Chimpanzee grooming influenced more by mothers than conformity
Patricia Jones
This week's paper comes from Richard Wrangham's lab at Harvard. They examined the grooming behavior of 18 wild chimpanzees in one group in Kibale National Park, Uganda. Wrangham and colleagues were interested in a very specific variant of grooming behavior. Chimps often exhibit "high-arm grooming", sometimes with clasped palms (photo above) and sometimes with just their wrists or forearms touching. There is observational evidence that high arm grooming style is learned socially. The researchers investigated why there is variation in palm clasping between individual chimps within a population. Some chimps rarely use palm clasping (6% of the time) and some frequently use it (68% of the time). Additionally, they show that there is no correlation between the number of years that an individual has been in a group and the difference between the percent of time an individual spends palm-clasping and the median percent of palm clasping in the population. They propose that if individuals were conforming, one might expect that with an increasing number of years in the population individuals would converge on the average percent of grooming bouts with palm-clasping. I am not sure I buy this, a chimp either palm-clasps or it doesn't in a grooming bout. I can imagine that a population would converge on all (or predominantly) palm-clasping, or not (or rarely) palm-clasping, but it doesn't make sense to me that they would conform on palm-clasping 35.1% of the time, as the authors propose. Unless, some particular grooming condition occurred 35.1% of the time and palm-clasping was always used in that case, but there appears to be no evidence for a particular grooming condition in which palm-clasping occurs.
The authors show that the percentage of grooming bouts in which a chimp palm-clasps is clustered by matriline. Some matrilines of chimps (mothers and their children) palm-clasped often, and some almost never did. They therefore propose that whether or not a chimp palm-clasps is determined by what their mother did rather than the population median. In conclusion, the authors state that "when incentives are low, chimpanzees tend to maintain their first-learned strategy rather than conform to the group".
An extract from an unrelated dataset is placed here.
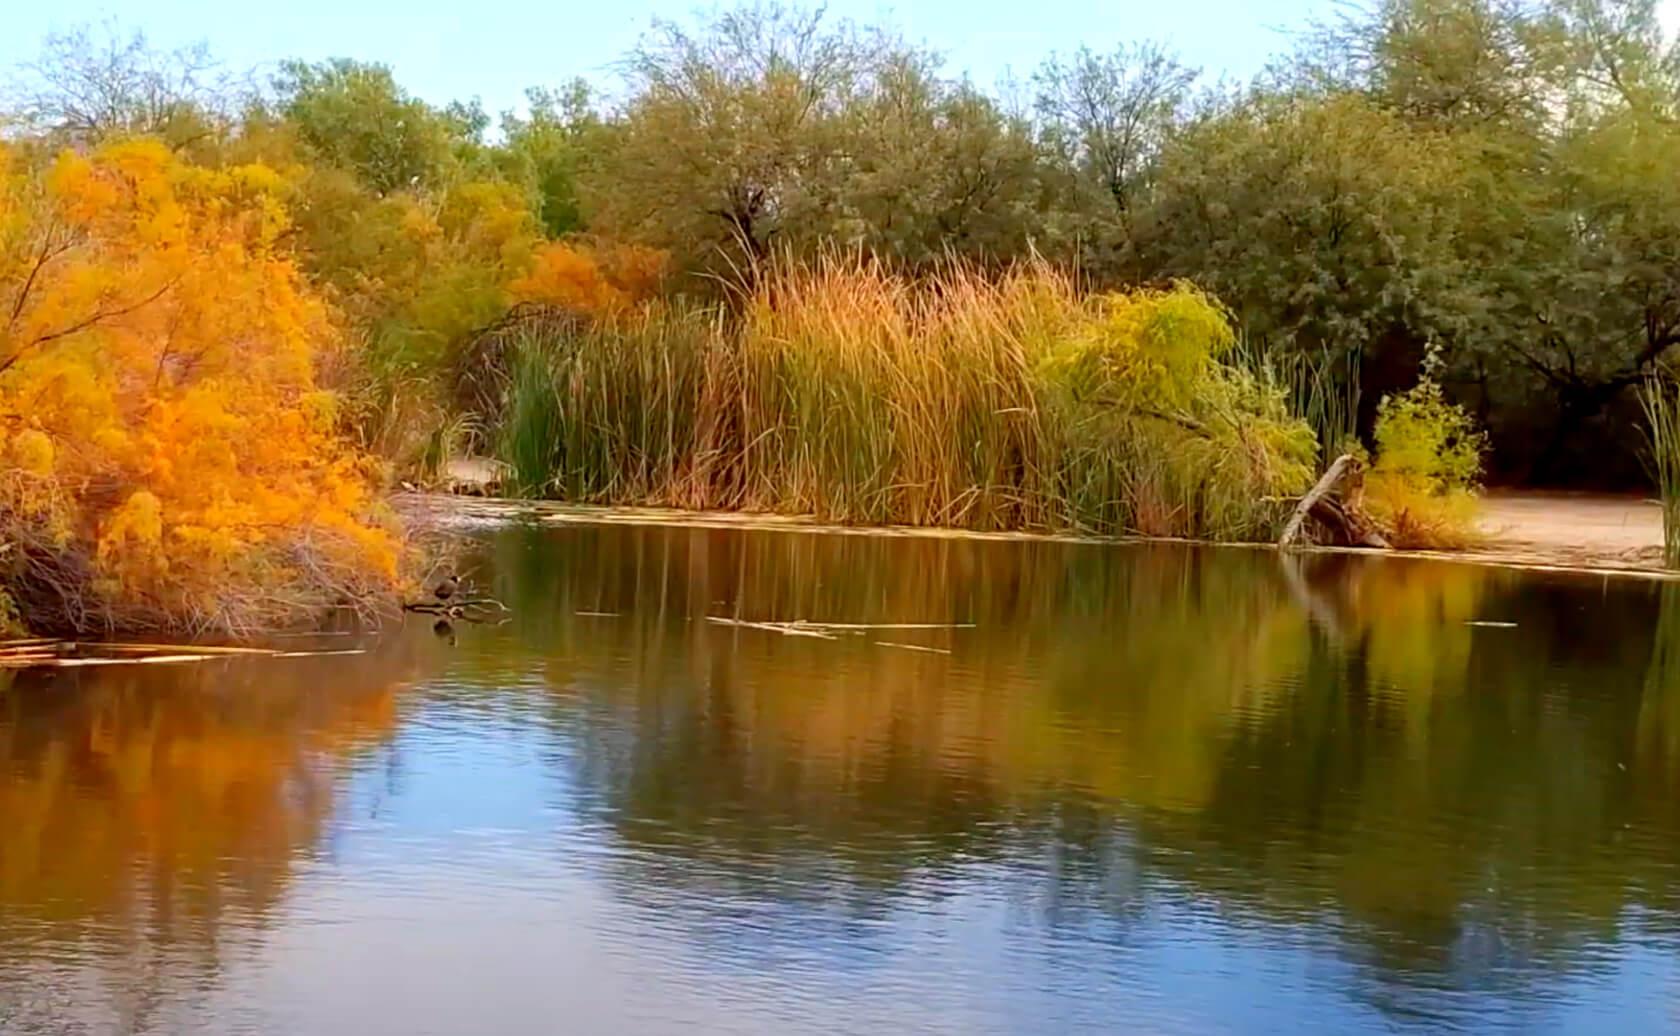 Fortuna-Lake-Fishing-Guide-Report-Yuma-AZ-04

I have some beef with this paper. First of all, it is one population containing 18 chimps (and only 14 for which they know the matriline). I know that research with chimps is incredibly difficult, but it seems dubious to make a general claim about population conformities (or lack thereof) when you only study one population. Secondly, as mentioned above, it is not clear to me that the expectations for conformity make sense. I would be interested to see if a chimp raised by a mother who did not palm-clasp and introduced to a population where the majority of individuals palm-clasped conformed to the population norm, or not. There just doesn't seem to be a population norm to conform to in this case. But regardless, it is interesting to consider the conditions in which social learning from a parent may outweigh social learning from other members in the community.